Три орудия смерти (сборник)
Экштейн, суетливый маленький человечек с шапкой пышных волос и в пенсне, не только очень настаивал на том, чтобы священник попробовал его целебный портвейн, но еще и просил сообщить ему, где и когда он это будет делать. Священника эта просьба ничуть не удивила, поскольку его уже давно перестали удивлять причуды рекламы. Поэтому он черкнул наскоро несколько слов в ответ и занялся своими представлявшимися ему более полезными делами. Вскоре его занятия снова были прерваны, на этот раз запиской от самого Альвареса, его политического врага. Он приглашал отца Брауна принять участие в собрании, во время которого надеялся достичь согласия по одному важному вопросу, для чего и предлагал встретиться вечером в небольшом кафе у стен городка. На это приглашение он ответил согласием и передал ответное послание посыльному, краснощекому, по-военному подтянутому парню, который дожидался ответа. После этого, имея в своем распоряжении час-два, он снова вернулся к своим делам, намереваясь все-таки довести их сегодня до конца. Покончив с этим занятием, он налил себе стакан чудодейственного вина мистера Экштейна и, с веселым выражением лица взглянув на часы, выпил и вышел из дома в ночь.
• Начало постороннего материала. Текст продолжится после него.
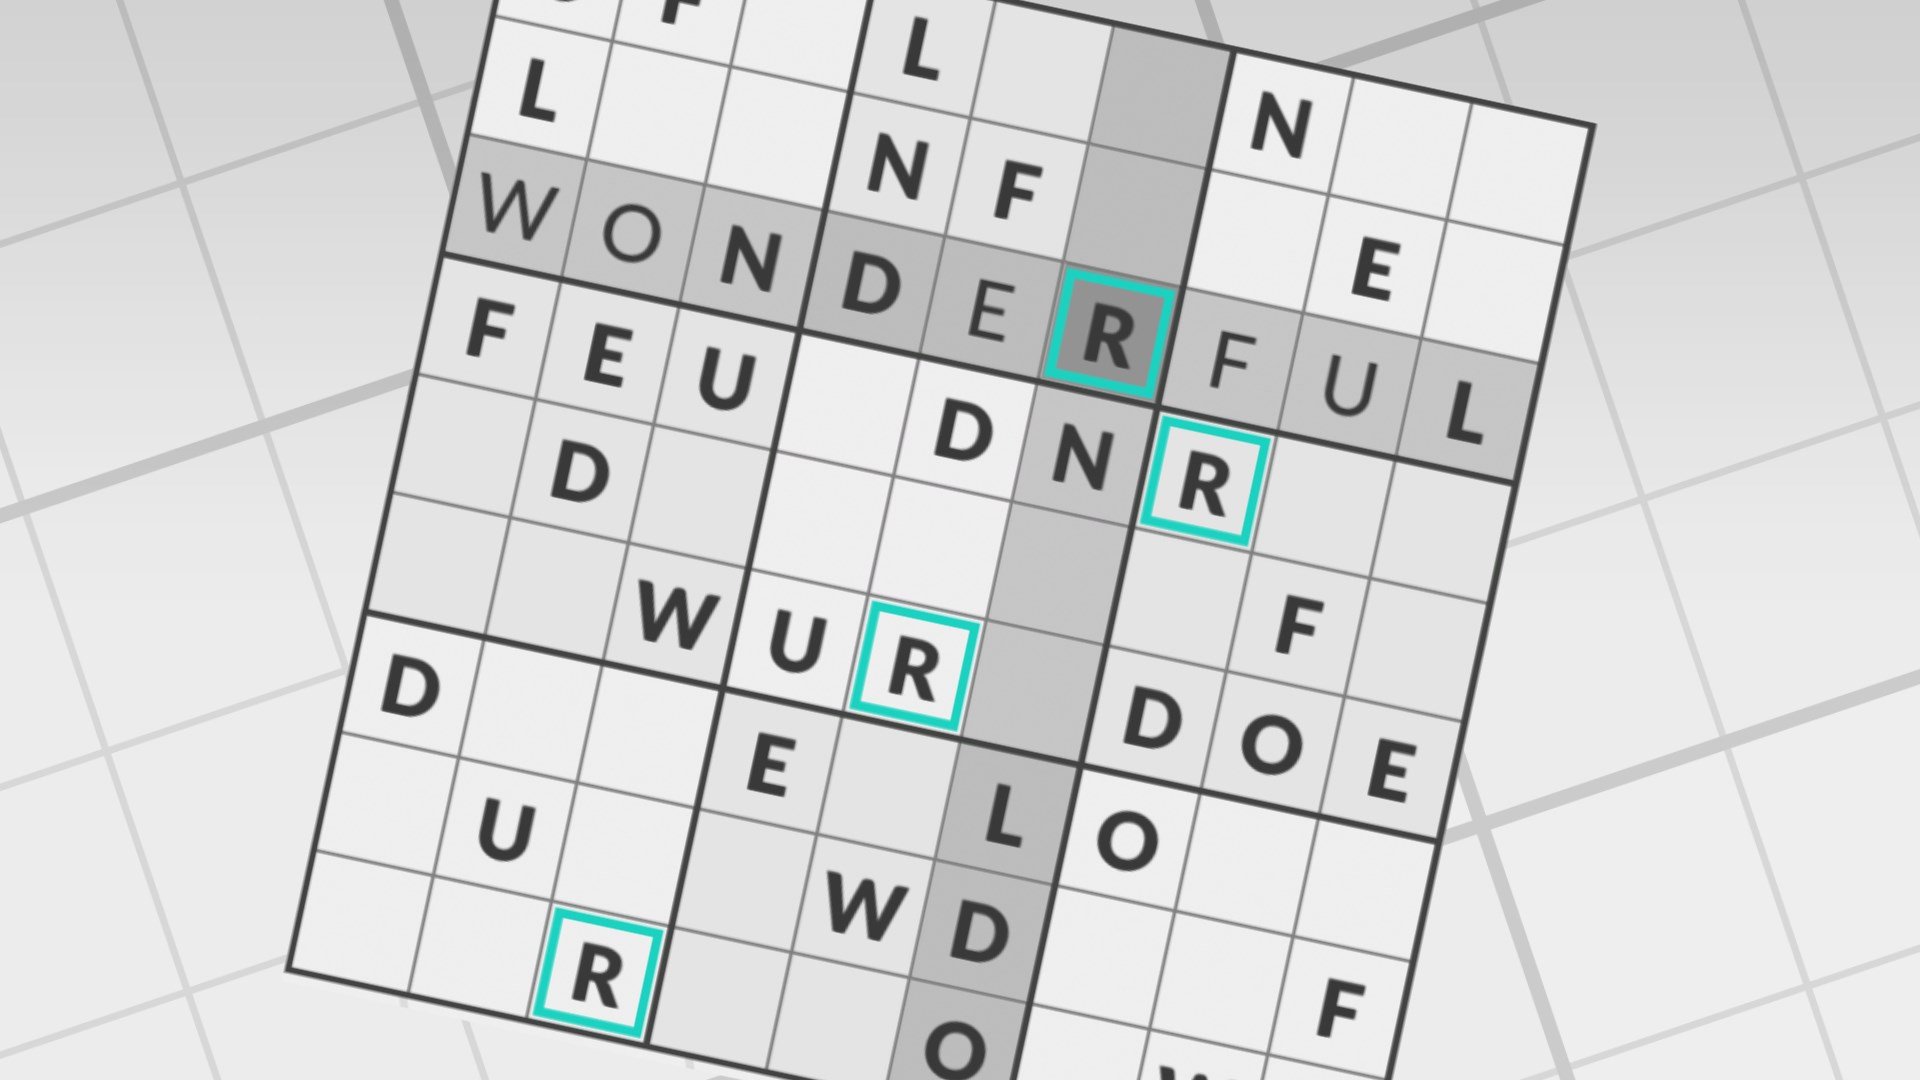 Word Sudoku by POWGI cover image
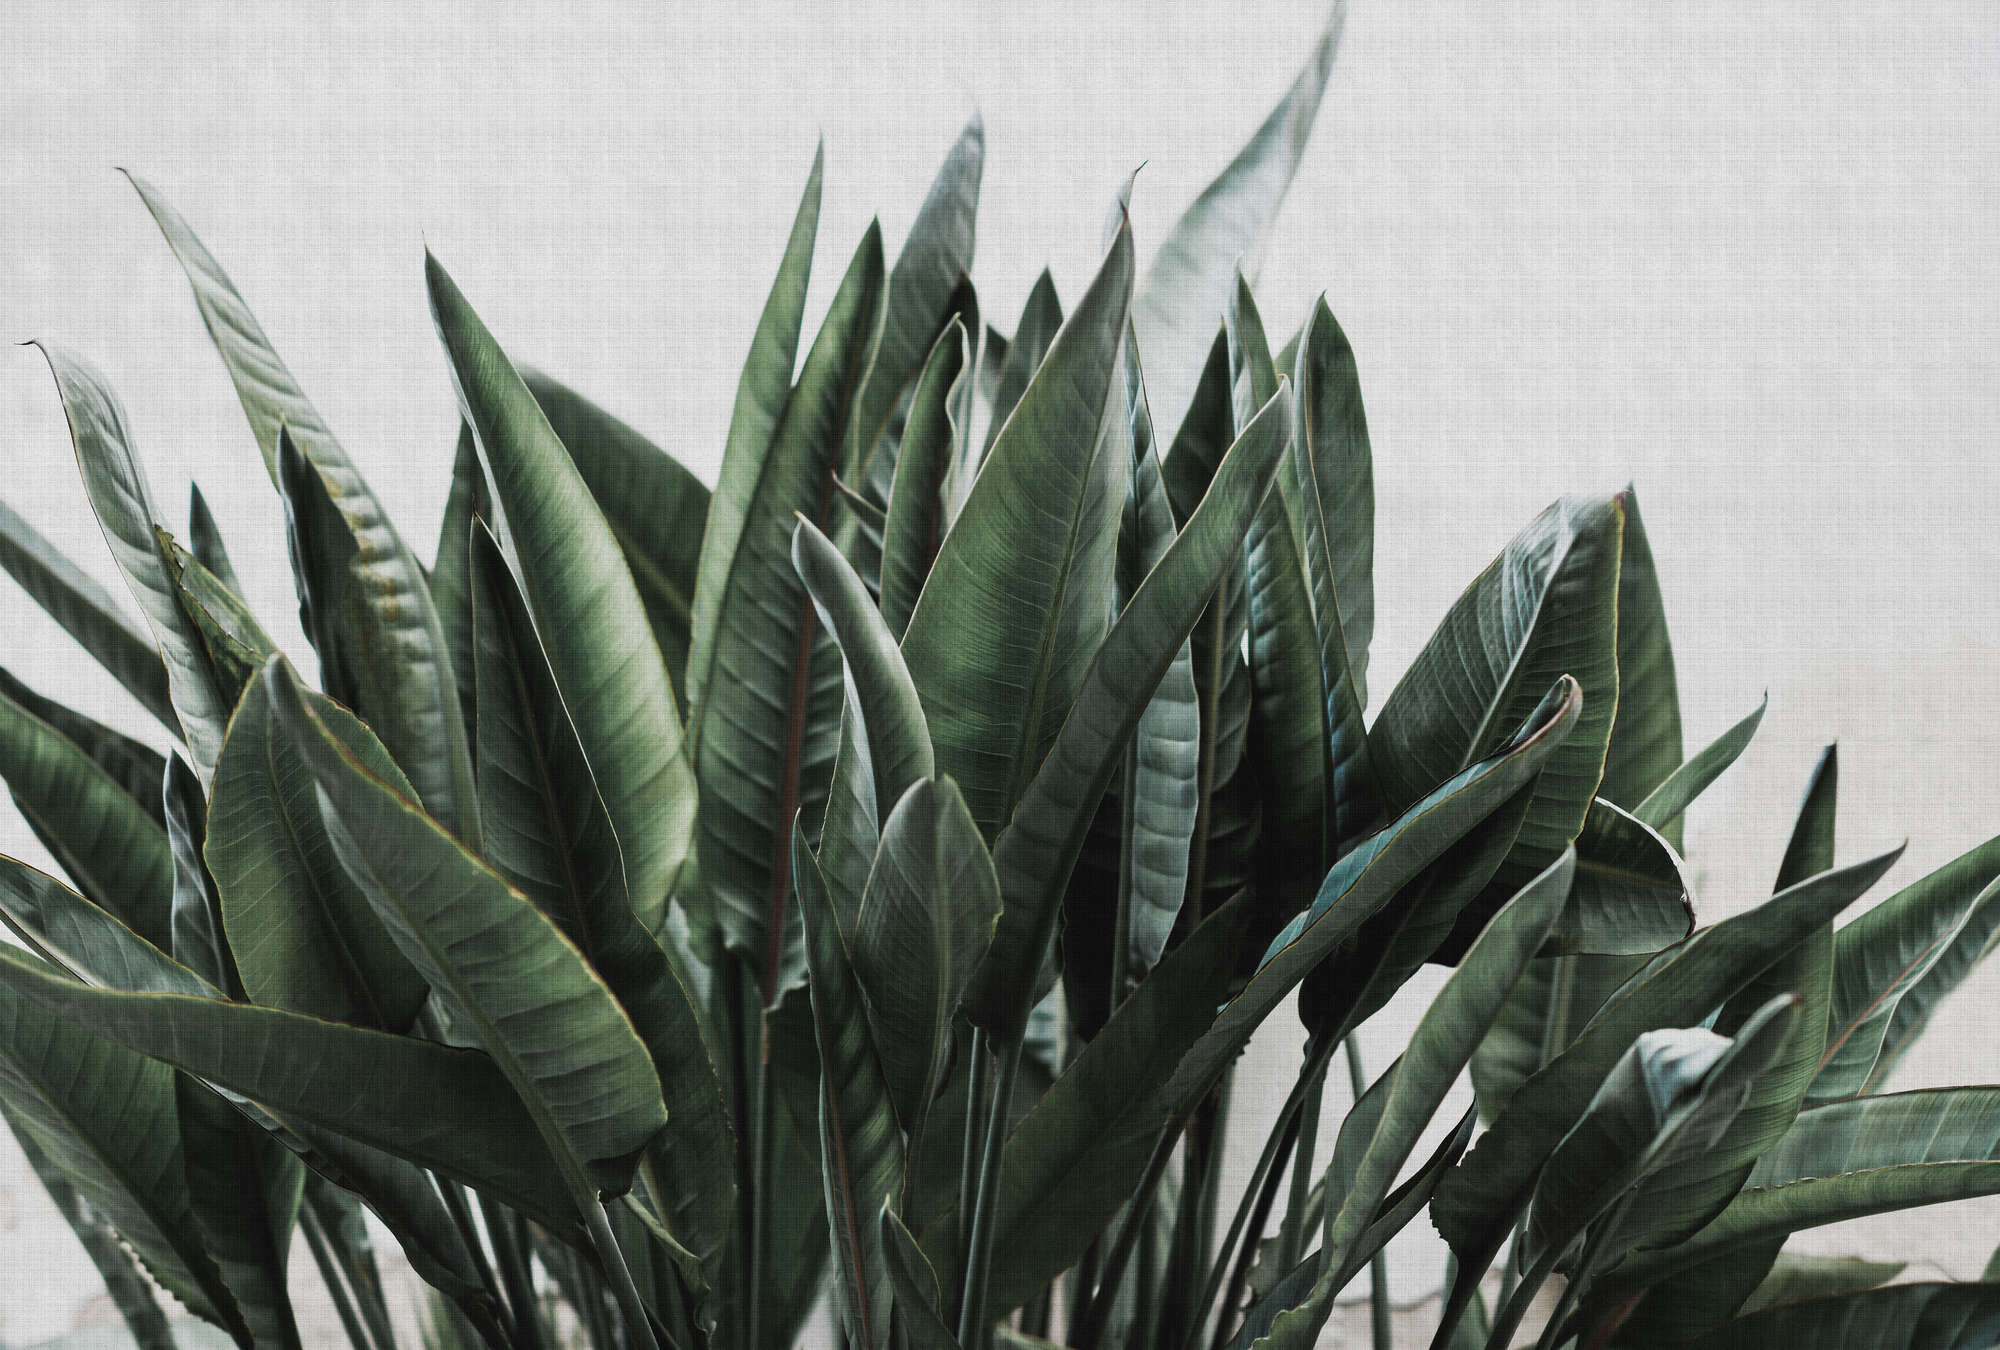             Urban jungle 2 - mural de hojas de palmera, estructura de lino natural plantas exóticas - Gris, Verde | Vellón liso Premium

Небольшой, основанный выходцами из Испании городок купался в ярком лунном свете, поэтому, когда он подошел к воротам в виде пышной арки в причудливом обрамлении пальм, они сильно напомнили ему декорации испанской оперы. Один длинный пальмовый лист с резными краями, черный на фоне белого круга луны, свисал с другой стороны арки, чем-то напоминая челюсть черного крокодила. Подобное сравнение вряд ли пришло бы ему в голову, если бы не одна мелочь, которую заметили его от природы внимательные глаза. Воздух был совершенно неподвижен, нигде ничего не шевелилось, но он вдруг отчетливо увидел, что пальмовый лист дрогнул.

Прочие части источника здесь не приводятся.